Девять лет. Девять лет бесплодной охоты. Двадцать пять жертв. Нет, уже двадцать шесть. Начиная с той, самой первой, единственной, чья фотография висит в начале его личной Стены плача, в пустой, захламленной квартире. Рядом – огромная карта города и окрестностей с кроваво-красными флажками – местами нападений; исчерченная карандашными пометками – вспышками ложных озарений. Плоды долгих мучительных размышлений в попытках вычислить логово существа, лишившего его всего – жены, жизни, себя самого.
Господи, во что он превратился!
Серый, невзрачный человек с костистым лицом и землистого цвета кожей, словно выжженной блеклым свинцовым светом ламп прозекторской. Незаметный, как должен быть незаметен санитар труповозки, подрабатывающий в морге на полставки. Знакомые нередко отворачиваются при встрече, словно сам вид его отбивает у них охоту задать простой вопрос: «Что с тобой? Что случилось?»
Он мог бы рассказать. Иногда, действительно, хотелось рассказать кому-нибудь, как на третий день после похорон…
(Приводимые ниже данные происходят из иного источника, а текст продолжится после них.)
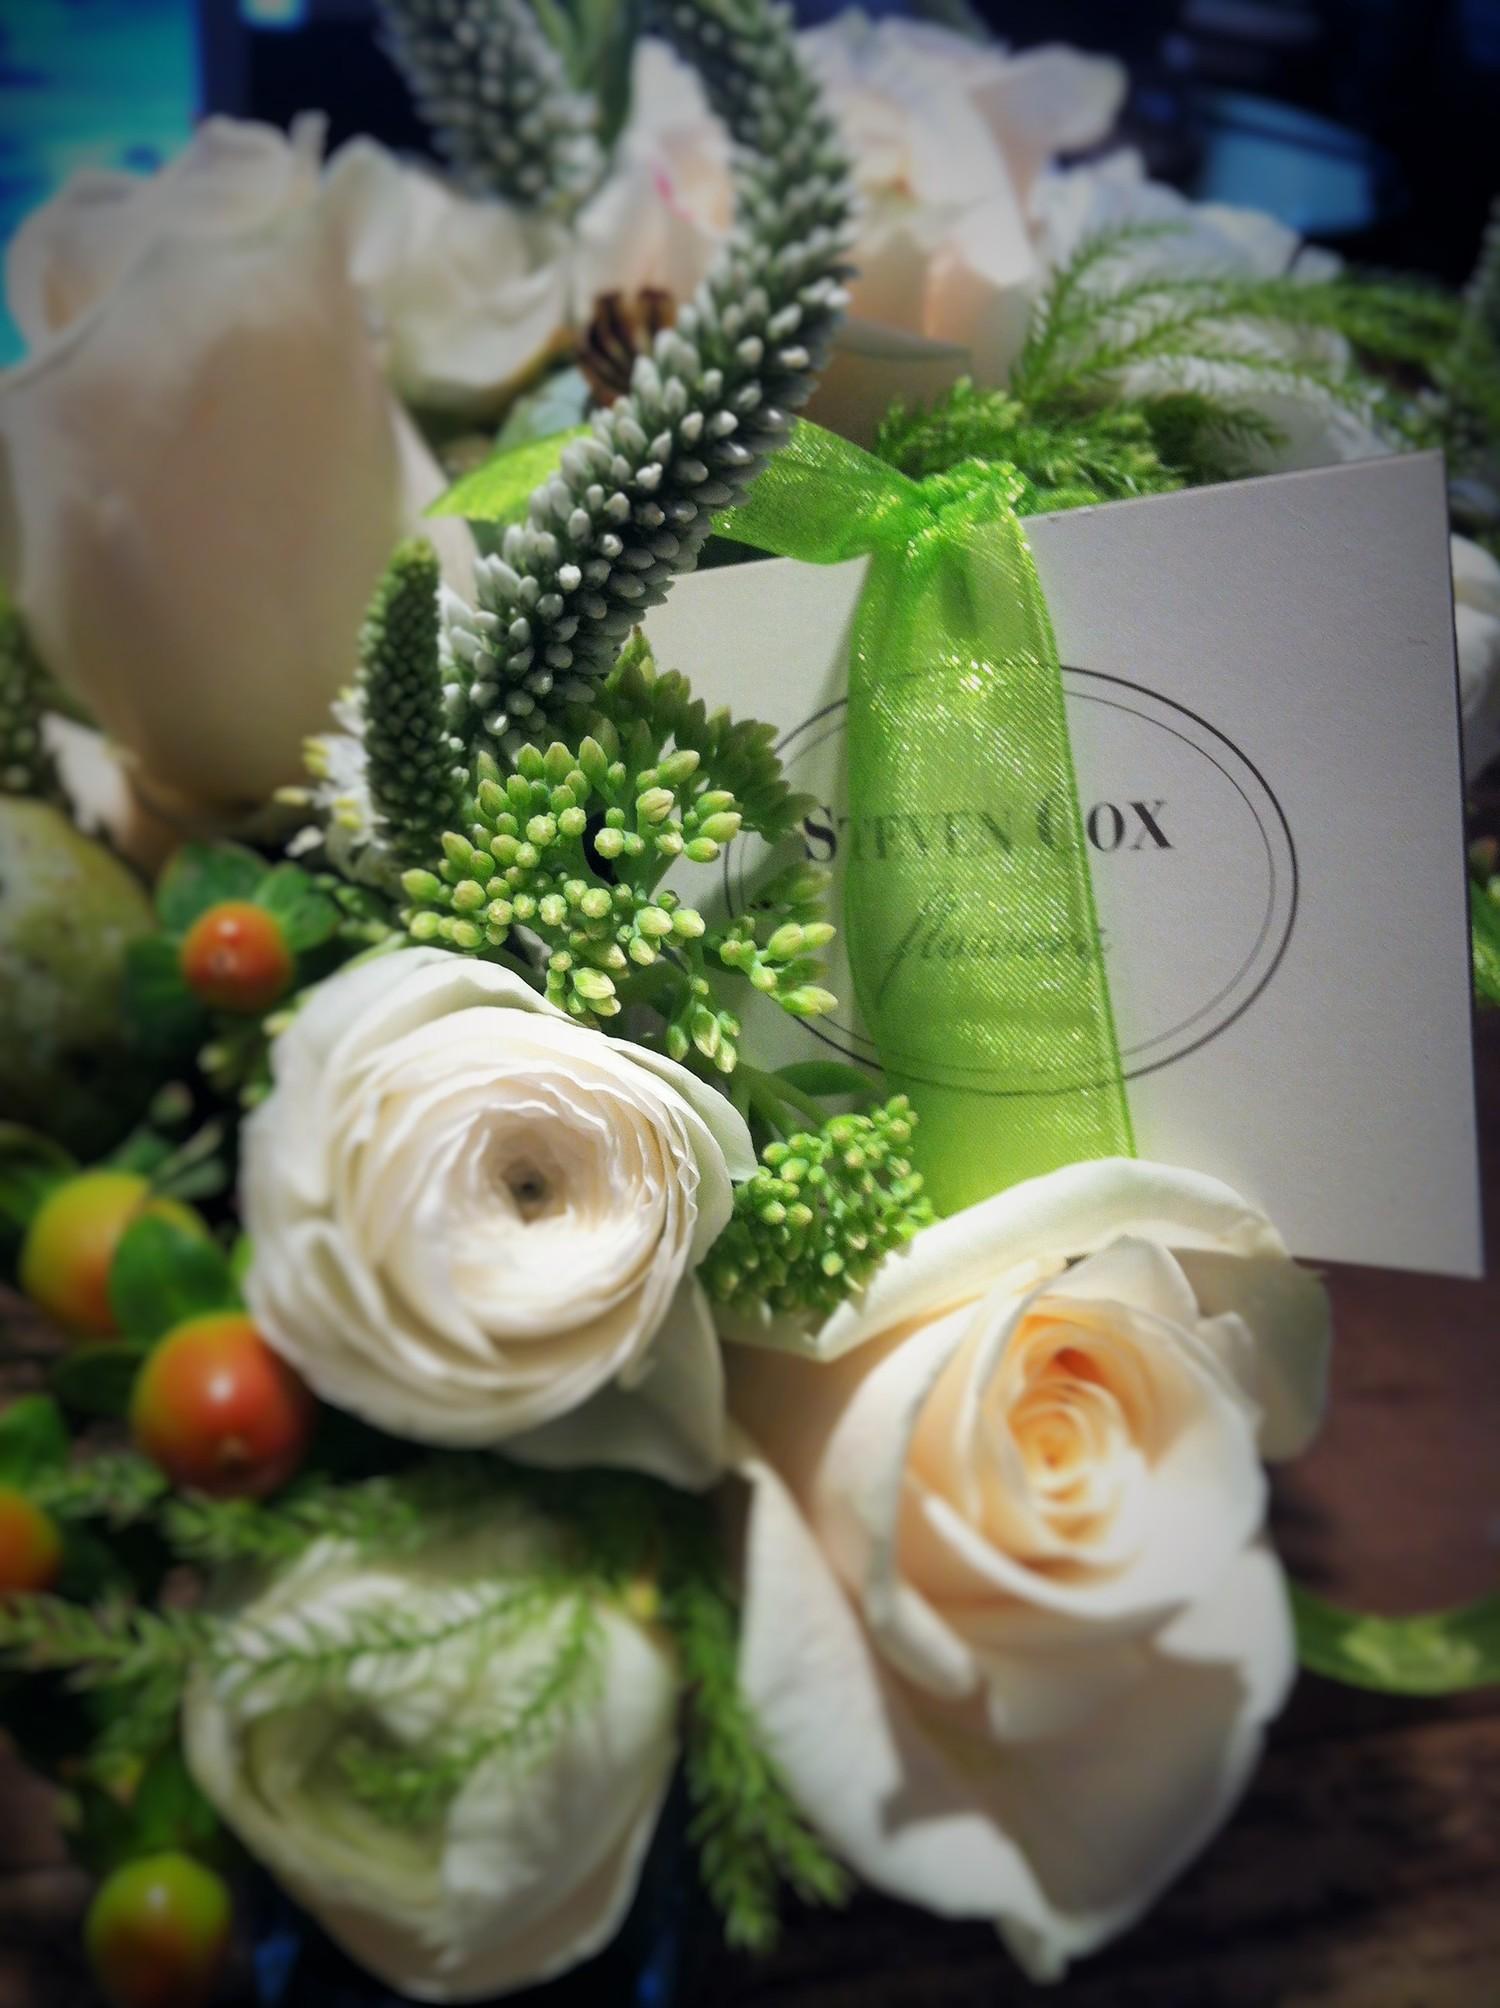 Steven cox flowers 6142246555 flowers izmirmasajfo

«Мы не знаем, что произошло. Возможно, ваша жена стала жертвой бродячей собаки и потеряла слишком много крови»…
…он нашёл её дома, в кресле, в погребальном платье, которое сам выбирал. Нашел почти живой, но это «почти» было столь же непреодолимо для рассудка, как и сама её смерть. Он испугался и не раз. Страхи ежесекундно менялись вслед за стремительными мыслями, проносящимися в мозгу цепочками нервных импульсов. Он решил, что сошел с ума, но почему-то безумие не было спасительным уходом от реальности, в которой мертвенная бледность, бесформенные губы и ноздреватая кожа с порами, забитыми пудрой, так мало напоминали живое, бесконечно милое лицо при жизни. Он стоял на пороге комнаты и оглушительное щёлканье механизма электронных часов, шум сливаемой воды у соседей, все еще сильный запах хвои и свечного воска и, как ни странно, сам вид поздней гостьи убеждали его в собственной вменяемости.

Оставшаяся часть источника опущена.